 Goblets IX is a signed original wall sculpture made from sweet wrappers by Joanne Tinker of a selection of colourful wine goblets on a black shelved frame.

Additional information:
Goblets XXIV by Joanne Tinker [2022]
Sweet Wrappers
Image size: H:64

---------------

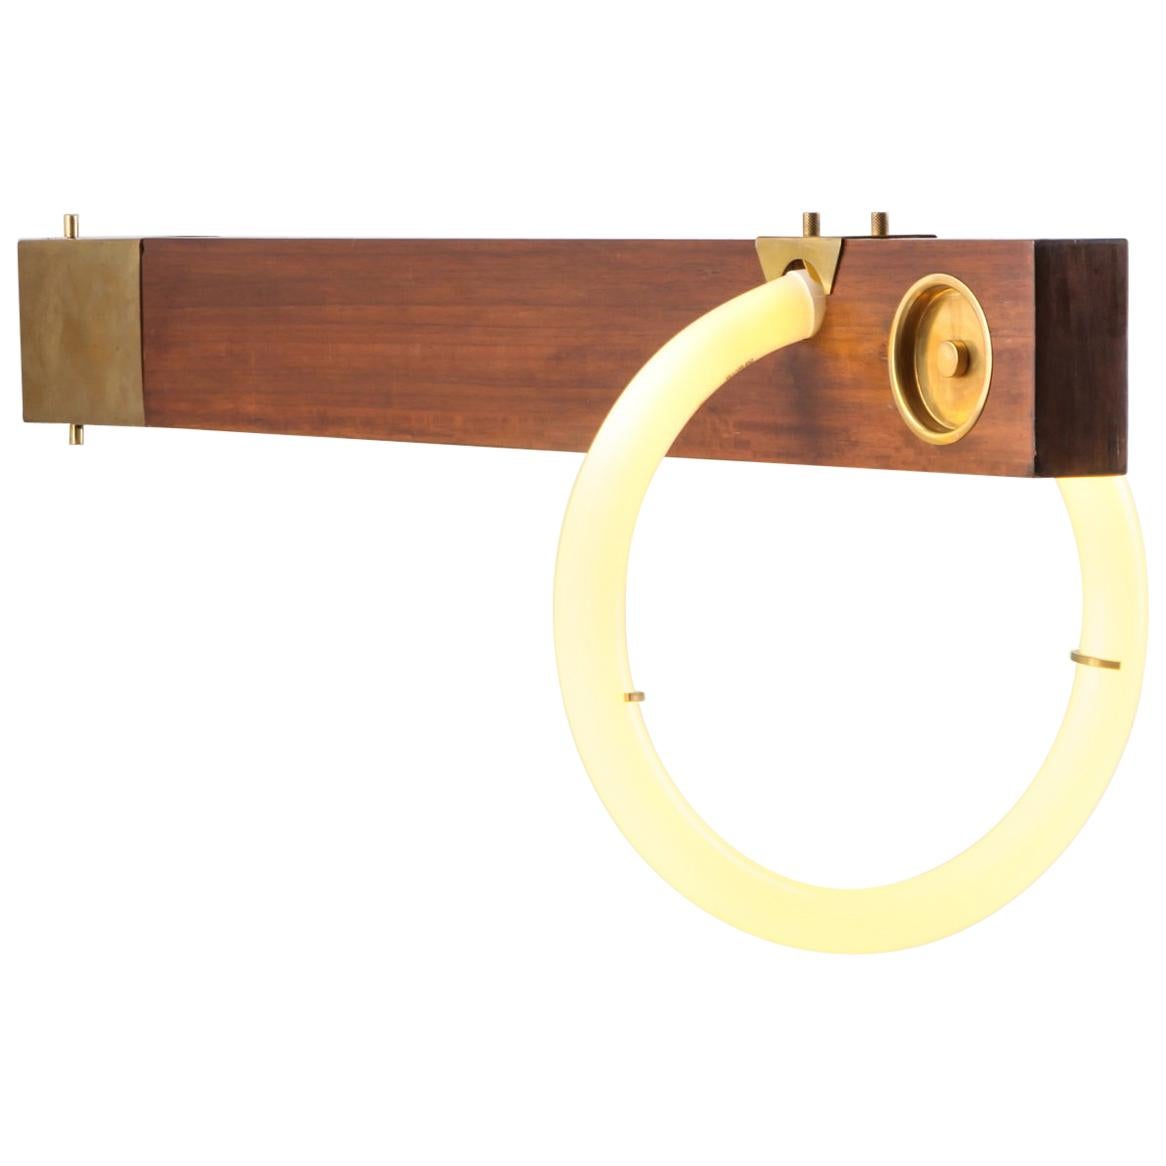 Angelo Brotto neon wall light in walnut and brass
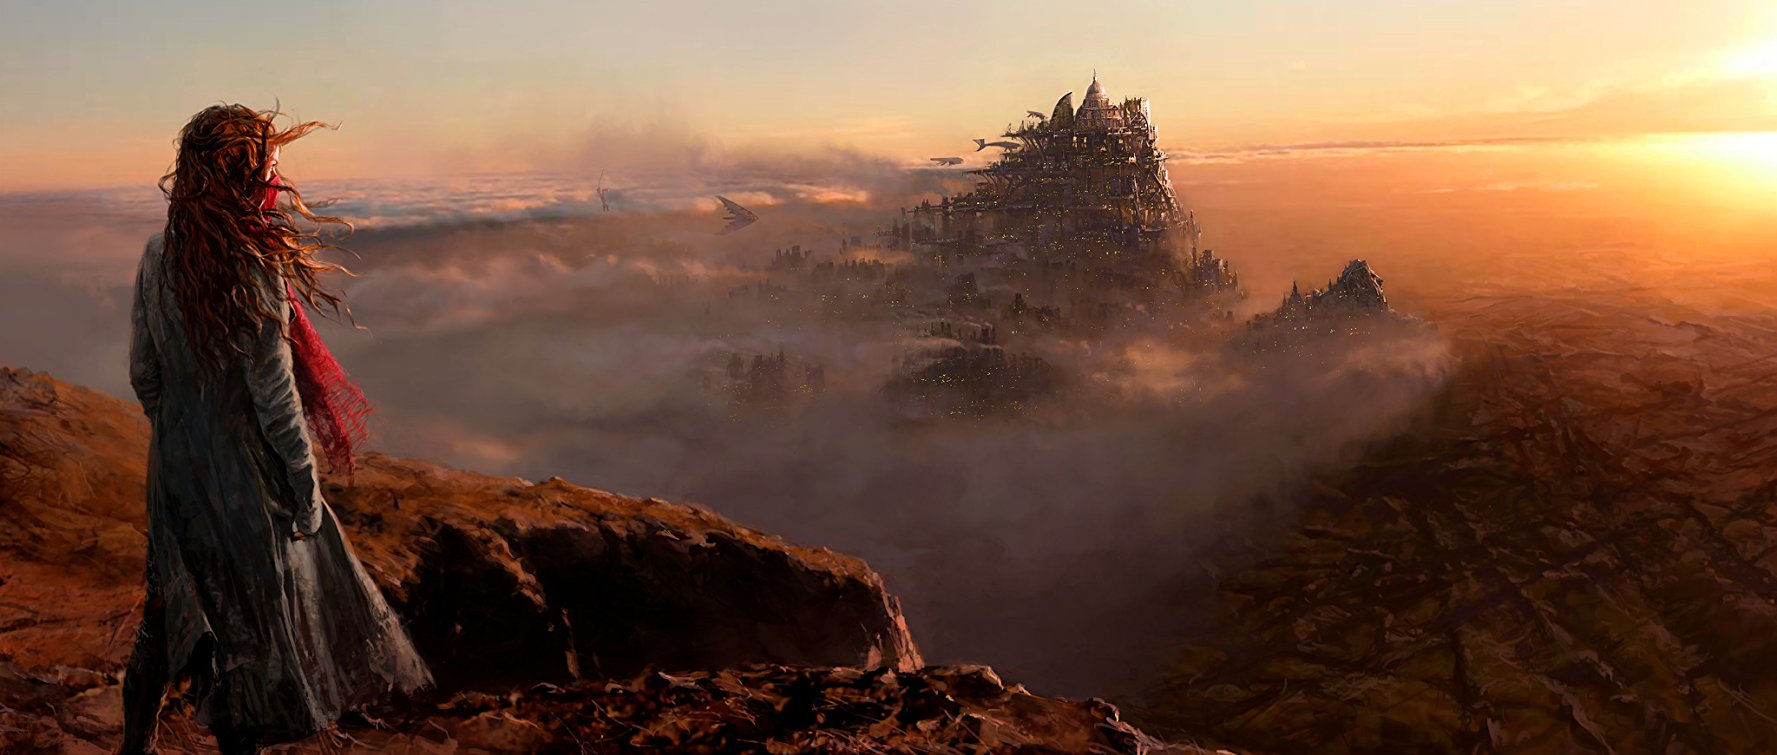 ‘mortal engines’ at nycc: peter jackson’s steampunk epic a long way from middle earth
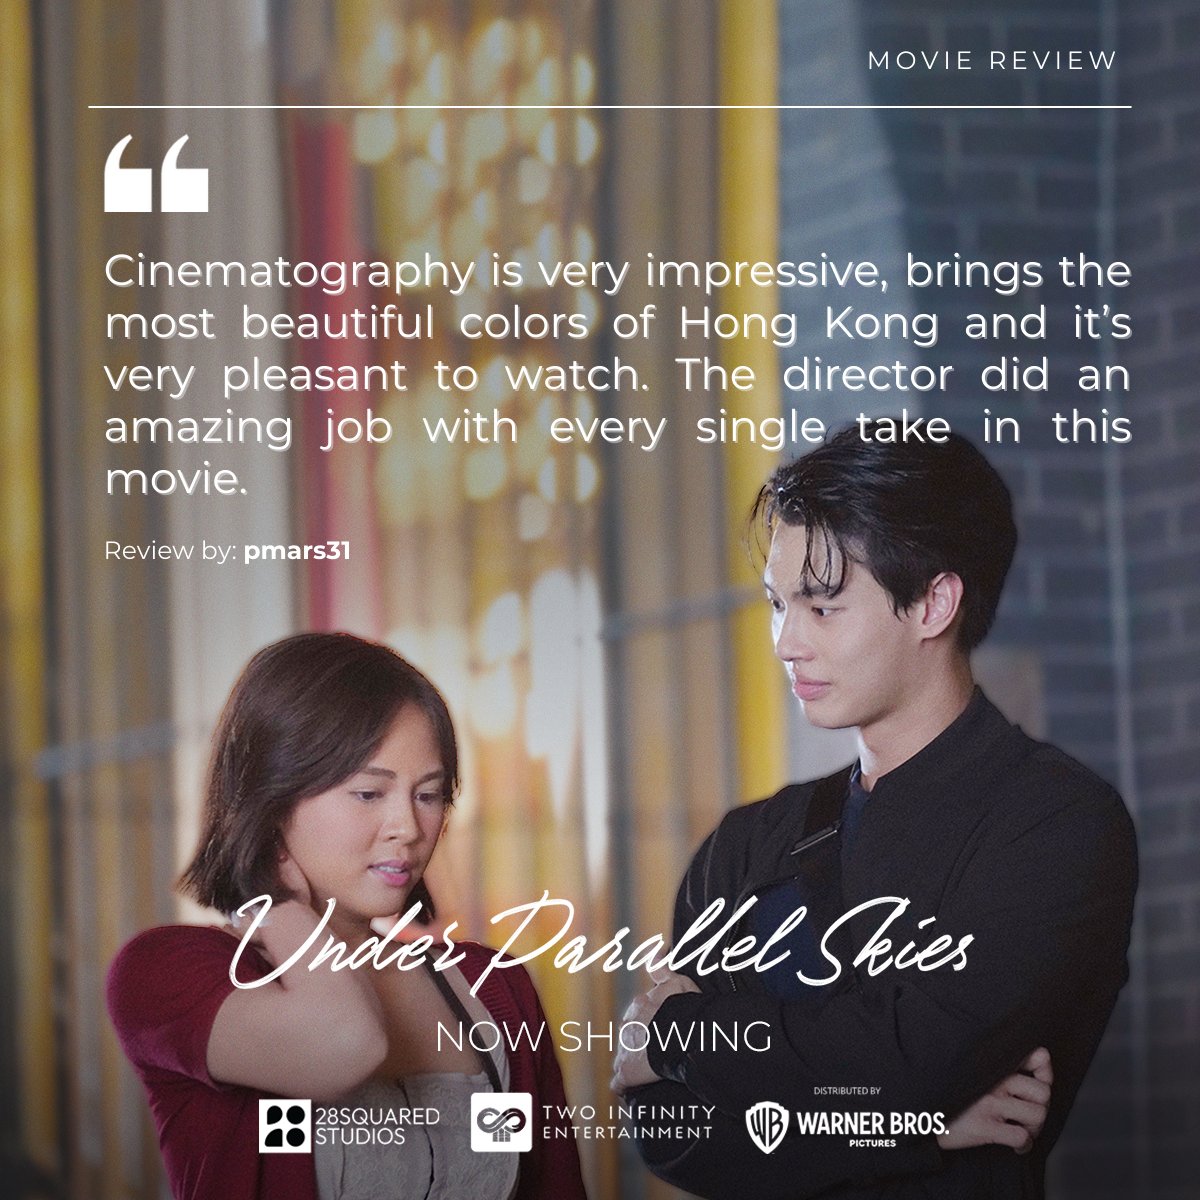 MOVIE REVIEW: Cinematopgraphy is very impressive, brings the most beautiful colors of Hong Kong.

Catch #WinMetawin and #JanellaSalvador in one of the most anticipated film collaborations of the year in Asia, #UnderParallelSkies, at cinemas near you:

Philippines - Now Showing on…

---------------

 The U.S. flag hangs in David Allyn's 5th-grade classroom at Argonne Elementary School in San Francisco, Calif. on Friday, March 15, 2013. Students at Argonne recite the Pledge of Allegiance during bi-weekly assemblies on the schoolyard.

---------------

* [Directions] Each line that contains the string "Tinker" should be copied from the data above.

* [Response]
 Goblets IX is a signed original wall sculpture made from sweet wrappers by Joanne Tinker of a selection of colourful wine goblets on a black shelved frame.
Goblets XXIV by Joanne Tinker [2022]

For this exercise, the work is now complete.